Phase 09 — Quiz (human-readable mirror)

🇪🇸 Espejo legible del fichero canónico data/quizzes/phase-09-mlp-modules.yaml. El portal (Phase 41) consume el YAML; este .md es para repaso rápido fuera del portal. No edites aquí — edita el YAML y este archivo es regenerable.

Source: data/quizzes/phase-09-mlp-modules.yaml. Schema in src/miniportal/BLUEPRINT.md §1.


q-09-01 — Why does the Module class register Parameters explicitly? (single)

In the Module class you built, why must _parameters be registered explicitly instead of relying on __dict__ introspection?

  • Because Python's __dict__ is unordered before 3.7
  • To allow nested modules and lazy device-move semantics
  • Because Parameter objects don't have __hash__
  • It's a PyTorch convention copied for familiarity

Explicit registration lets a parent Module walk its children deterministically so .parameters() and .to(device) work without runtime surprises. PyTorch made the same choice for the same reason.


q-09-02 — Which initializations are commonly used for an MLP's hidden weights? (multi)

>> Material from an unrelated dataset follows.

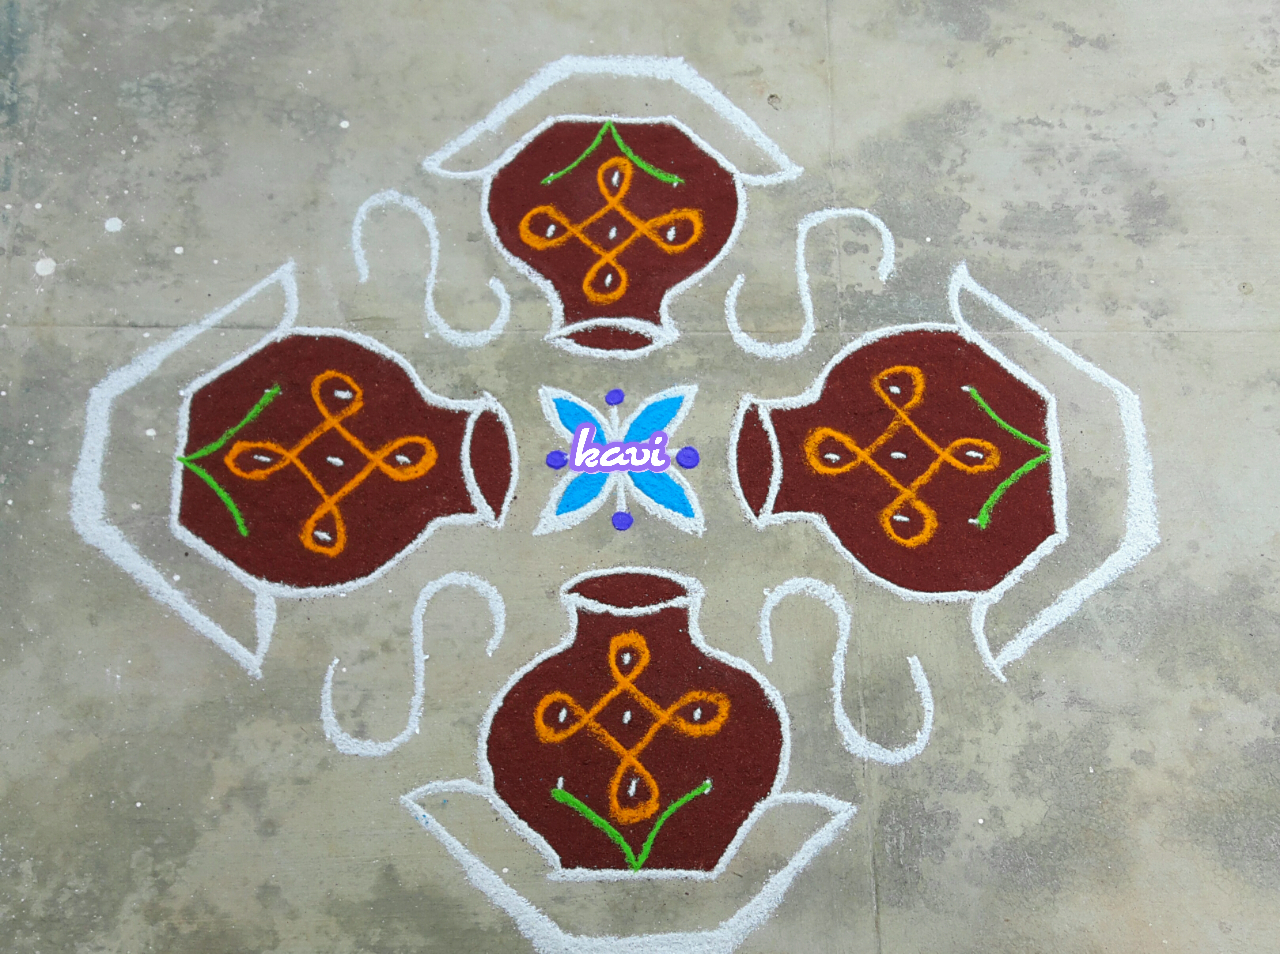 Pot Kolam in 15 dots – Kolams of India

Select every initialization scheme that is appropriate as a default for the hidden linear layers of a ReLU-activated MLP.

  • Zeros for every weight
  • Kaiming (He) normal
  • Kaiming (He) uniform
  • Constant 1.0 for every weight

Kaiming normal/uniform preserve activation variance under ReLU. All-zero or all-ones initializations break symmetry or saturate the network on step 1.

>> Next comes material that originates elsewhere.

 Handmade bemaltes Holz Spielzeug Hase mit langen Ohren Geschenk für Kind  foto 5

q-09-03 — What does Module.train(False) typically toggle? (free)

In one sentence, what does calling module.train(False) (eval mode) change in modules like Dropout and BatchNorm?

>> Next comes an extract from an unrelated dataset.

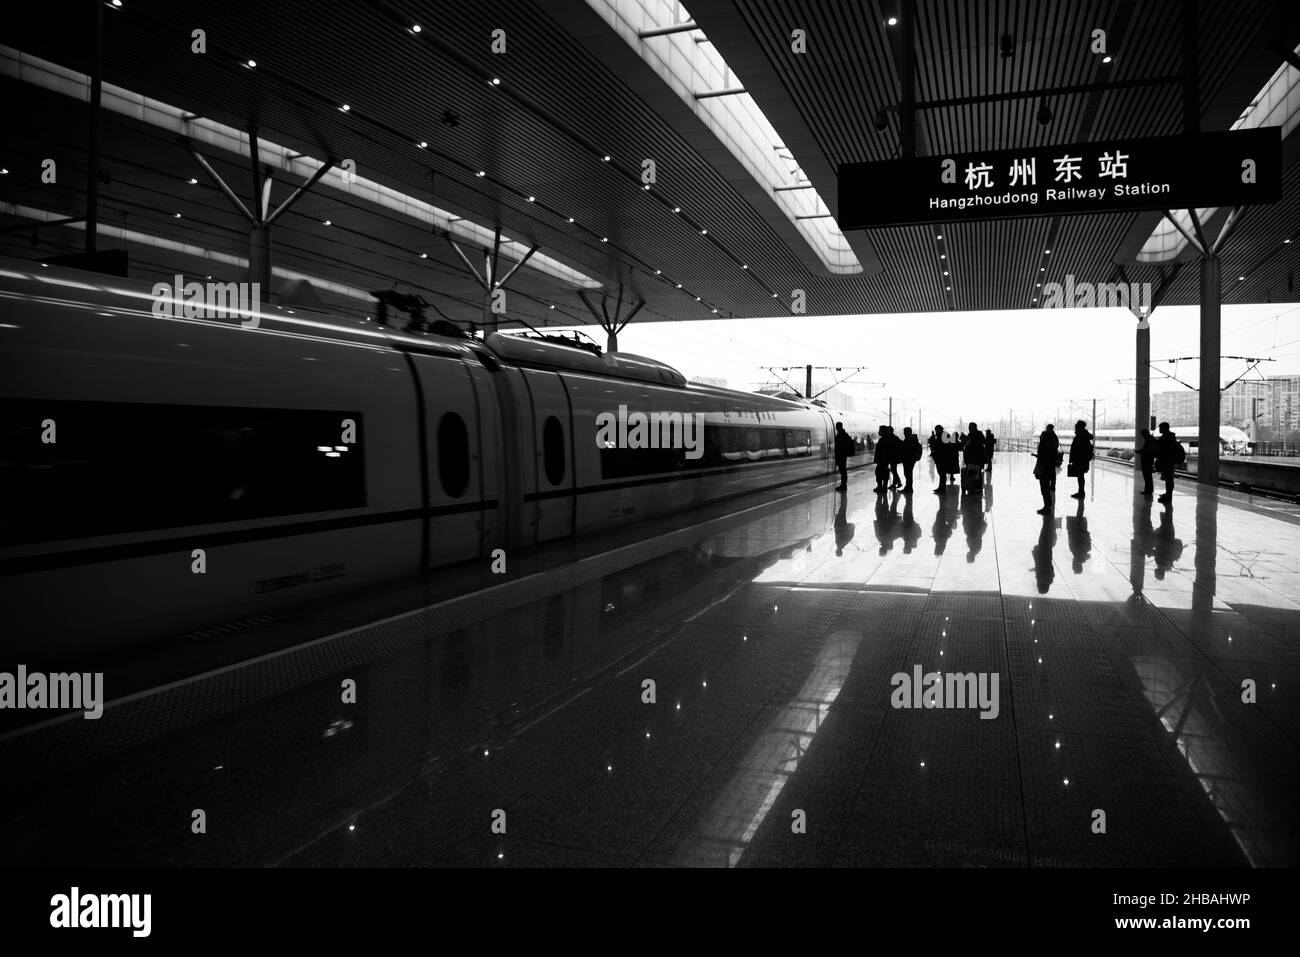 Février 2019.La gare de Hangzhou est située dans le quartier de Shangcheng, Hangzhou, dans la province chinoise du Zhejiang.La station est classée première classe Banque D'Images

Expected to contain: eval, dropout.

Eval mode disables stochastic dropout and switches BatchNorm to use running statistics so inference is deterministic.


q-09-04 — Backward shape for Linear's weight gradient (single)

In a Linear(in=23, out=16) whose forward is Z = X @ W.T + b with X.shape == (4, 23), what shape does the weight gradient ∇_W L have?

  • (4, 23)
  • (16, 23)
  • (23, 16)
  • (16, 4)

∇_W = (∇_Z)^T @ X has shape (16, 4) @ (4, 23) = (16, 23) — exactly W's shape. Phase 9 theory §04 warns that on square shapes the buggy ∇_W = ∇_Z @ X^T also fits.


q-09-05 — Find the bug: two Linears with no activation (free)

A learner writes Sequential(Linear(23, 16), Linear(16, 5)) for the §A13 tense classifier. Validation accuracy is acceptable but the model generalizes slightly worse than a GELU-equipped twin. What single property of the composite map explains this?

Expected to contain: linear.

Composition of two affine maps is affine — the stack collapses to a single rank-≤5 linear map. The §A13 task is linearly separable so accuracy survives, but capacity to fit subtle agreement is lost. Cross-link: break/00-break-gelu-as-identity.md.